Varios puntos en común unen las carreras de Ricardo Lorenzetti y Joaquim Barbosa, el presidente del Supremo Tribunal Federal (STF) de Brasil. Como Néstor Kirchner lo hizo con el titular de la Corte Suprema argentina, Luis Inácio Lula da Silva designó a Barbosa en el máximo tribunal brasileño para dar un aire renovador a la Justicia. Y al igual que Lorenzetti para Cristina de Kirchner, Barbosa terminó convirtiéndose en un dolor de cabeza para el gobierno de Dilma Rousseff y en una esperanza política para sectores opositores.
Hijo de una empleada doméstica y de un obrero de la construcción, Barbosa fue nombrado miembro de la Corte de Brasil en 2003 por el entonces presidente Lula. Luego de nueve años de ejercicio en el cargo, se convirtió en el primer presidente negro del STF. Su historia de ascenso social y superación profesional lo transformaron en un emblema del “milagro brasileño”, en un país en el que el 51% de la población es negra. Este año, la revista estadounidense Time lo incluyó en su lista de las cien personas más influyentes del mundo.
Su deuda personal con Lula no le impidió asumir como juez instructor del caso de corrupción conocido como “mensalão”, ni condenar con independencia y dureza a dirigentes del gobernante Partido de los Trabajadores (PT) por el pago de sobornos a legisladores opositores. Con el “juicio del siglo”, Barbosa saltó al estrellato y la prensa brasileña comenzó a presentarlo como una especie de paladín en la lucha contra la corrupción.
Esa caracterización surtió efecto.
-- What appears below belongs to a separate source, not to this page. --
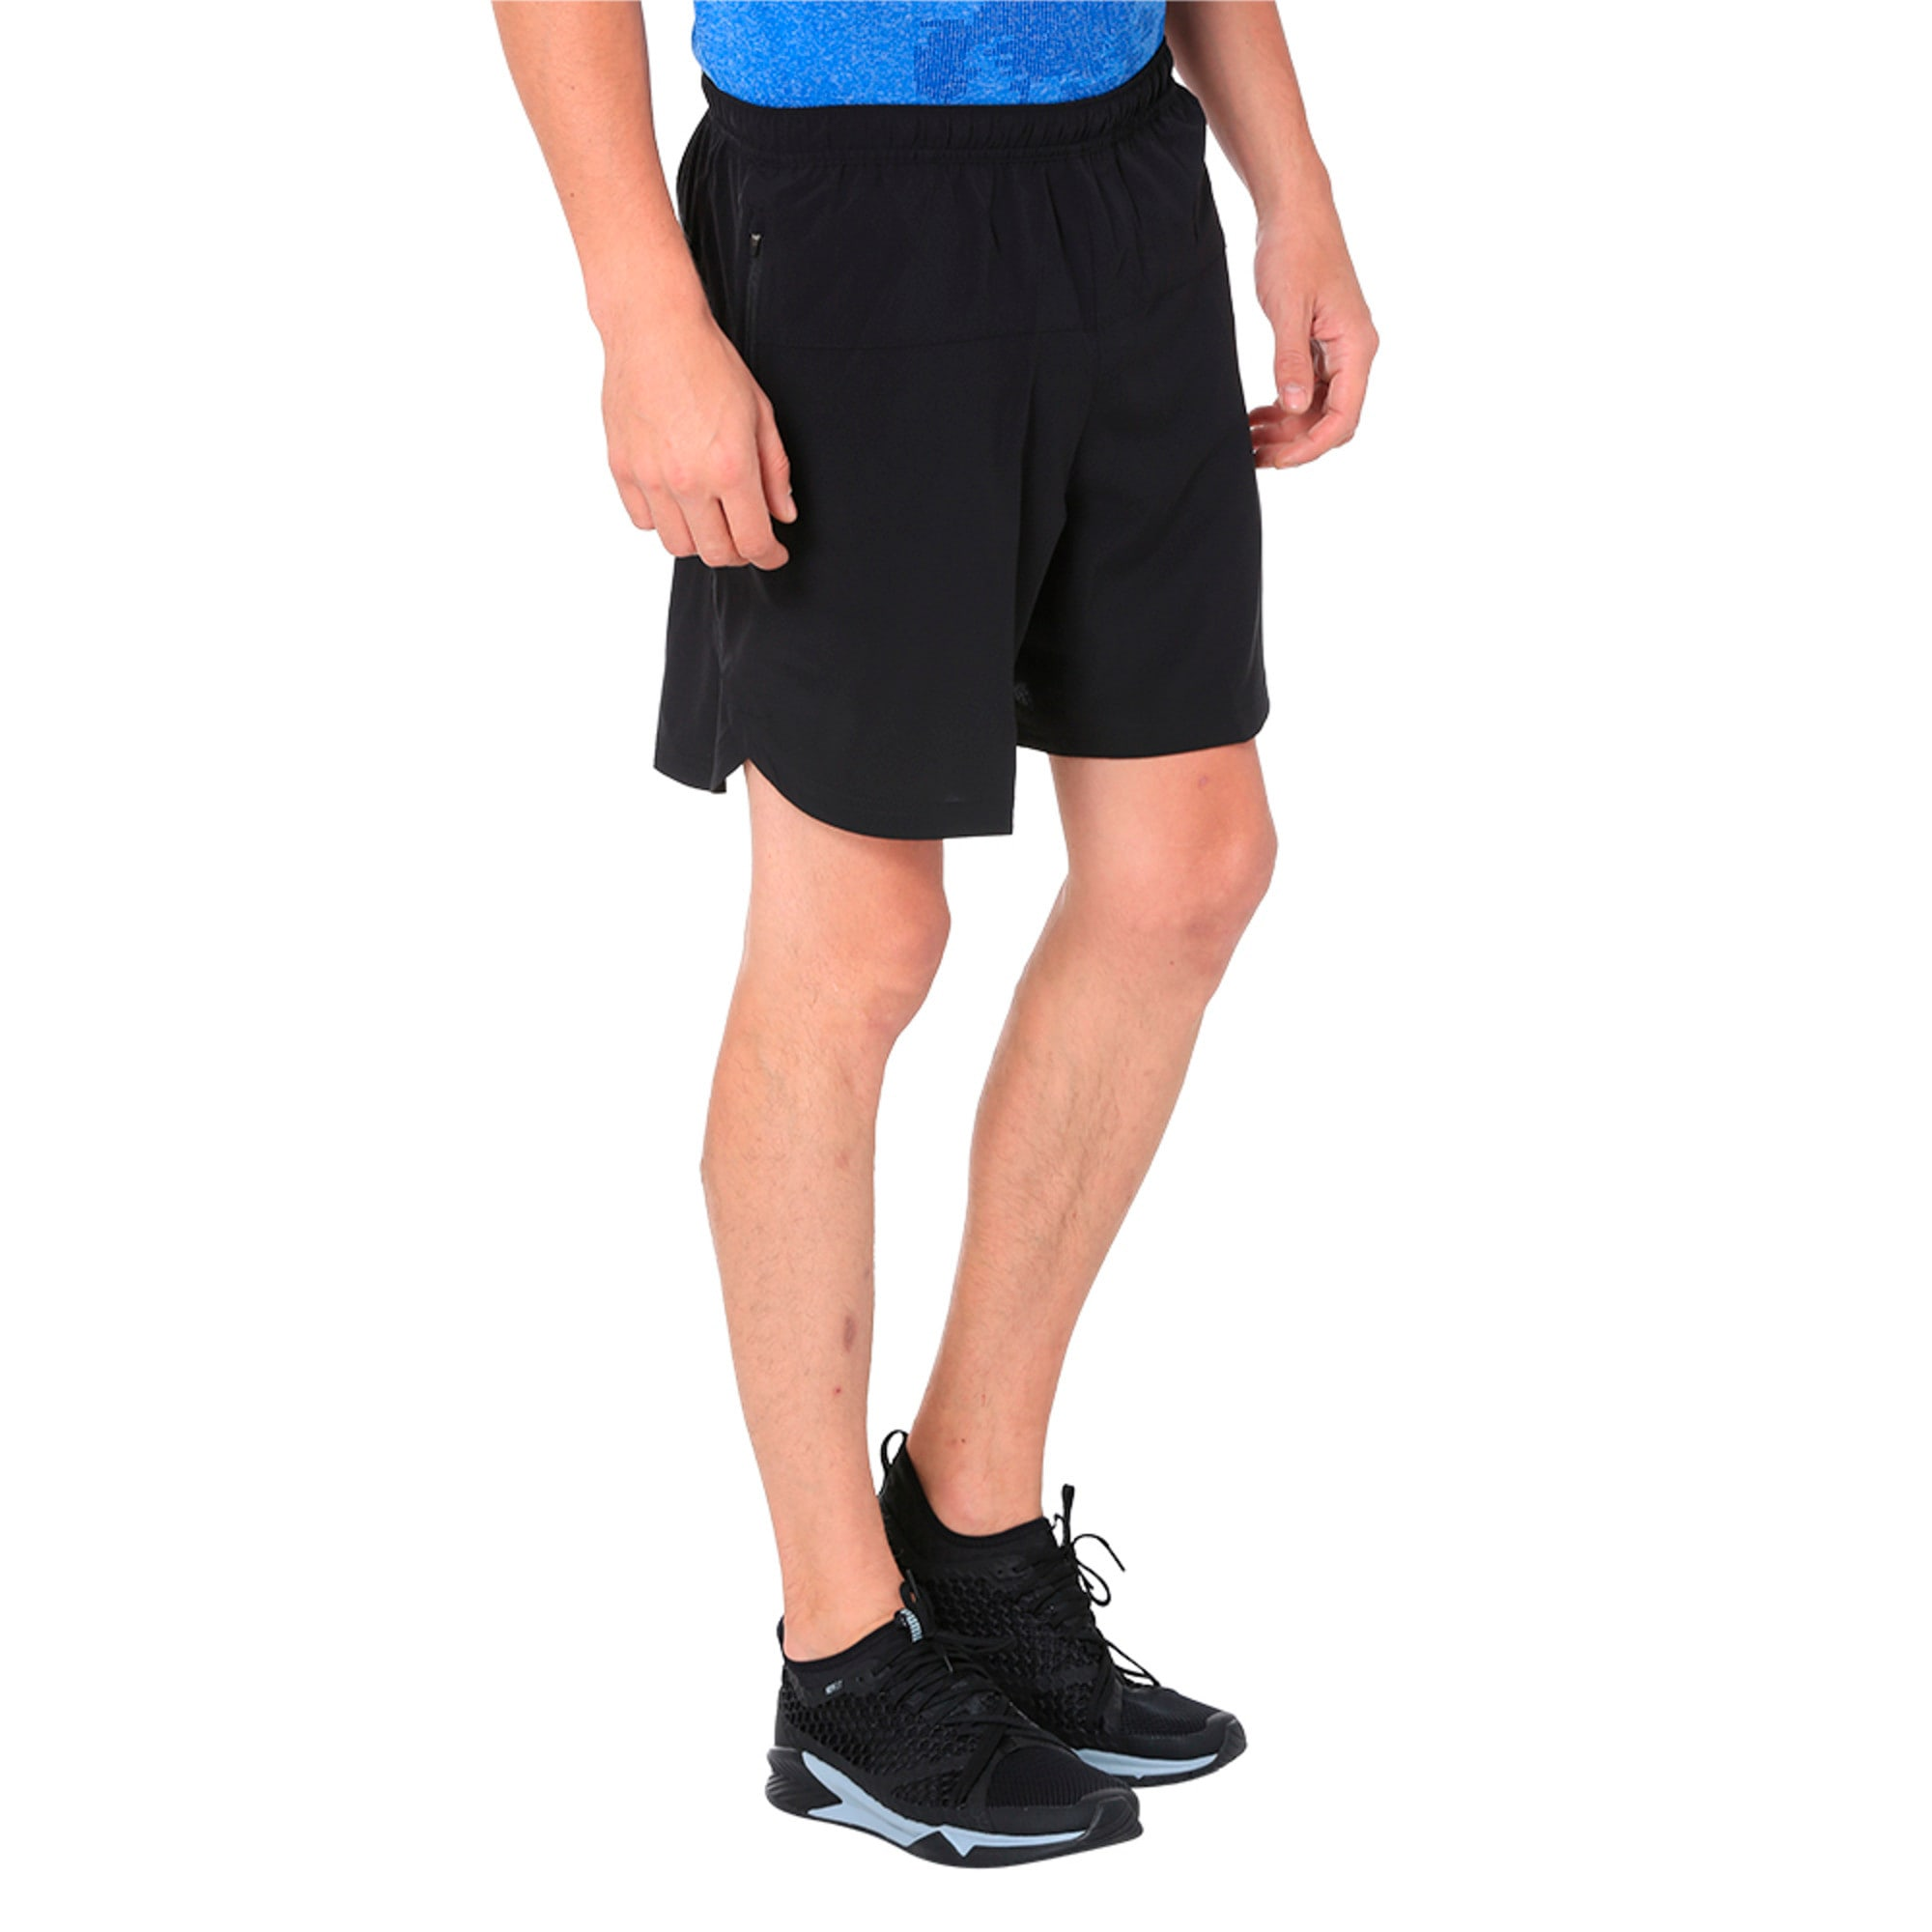 Thumbnail 2 of Pace 7'' Men's Running Shorts, Puma Black, medium-IND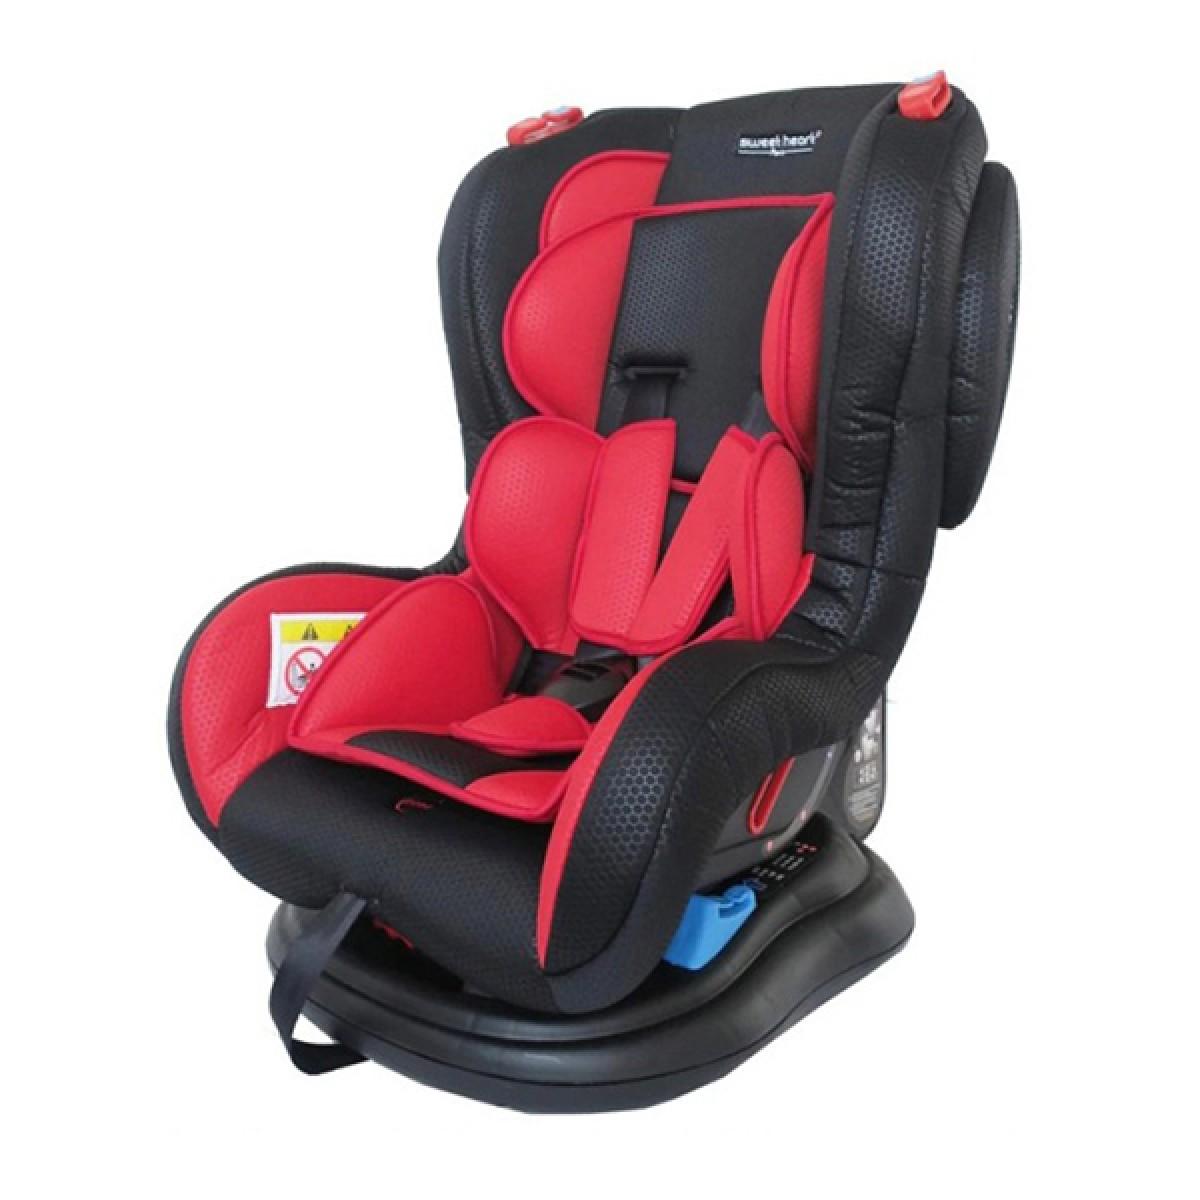 Legnum Car Seat - Kico Baby Center

Una encuesta de Datafolha realizada a fines del mes pasado entre ciudadanos que participaron en las recientes protestas en San Pablo mostró que, pese a que Barbosa nunca dijo estar interesado en cargos políticos, el magistrado aparece entre los favoritos de los manifestantes para suceder a Rousseff en el Palacio de Planalto.
En un sondeo con un margen de error del 4%, Barbosa fue mencionado por el 30% de los entrevistados, contra un 22% de la ex candidata presidencial Marina Silva que quedó tercera en la última elección.
Al igual que Lorenzetti, el presidente de la Corte brasileña tuvo que aclarar públicamente que no tiene intenciones de saltar a la política, aunque dijo sentirse “halagado” por las especulaciones mediáticas que lo ubican en ese lugar. La relación de Barbosa con la prensa es ambivalente: mientras los editorialistas de los principales diarios brasileños lo presentan como una especie de reservorio moral de la nación, el juez se queja del “racismo” de los grandes grupos mediáticos que casi no contratan a periodistas negros.
Como el kirchnerismo en la Argentina, el PT impulsa una ley para reformar la Justicia y limitar las facultades del STF. Los diputados oficialistas buscan quitarle al máximo tribunal la atribución de declarar la inconstitucionalidad de las enmiendas a la Carta Magna.
Y del mismo modo que Lorenzetti se opuso a la reforma judicial de CFK, Barbosa criticó duramente el proyecto petista y advirtió que su aprobación “debilitará” la democracia. “La separación de poderes no es una noción abstracta. Es parte del derecho de todos los ciudadanos. Integra el conjunto de mecanismos mediante los cuales un poder neutraliza los abusos de otro”, lanzó el magistrado que se transformó en un inesperado cuco de Rousseff.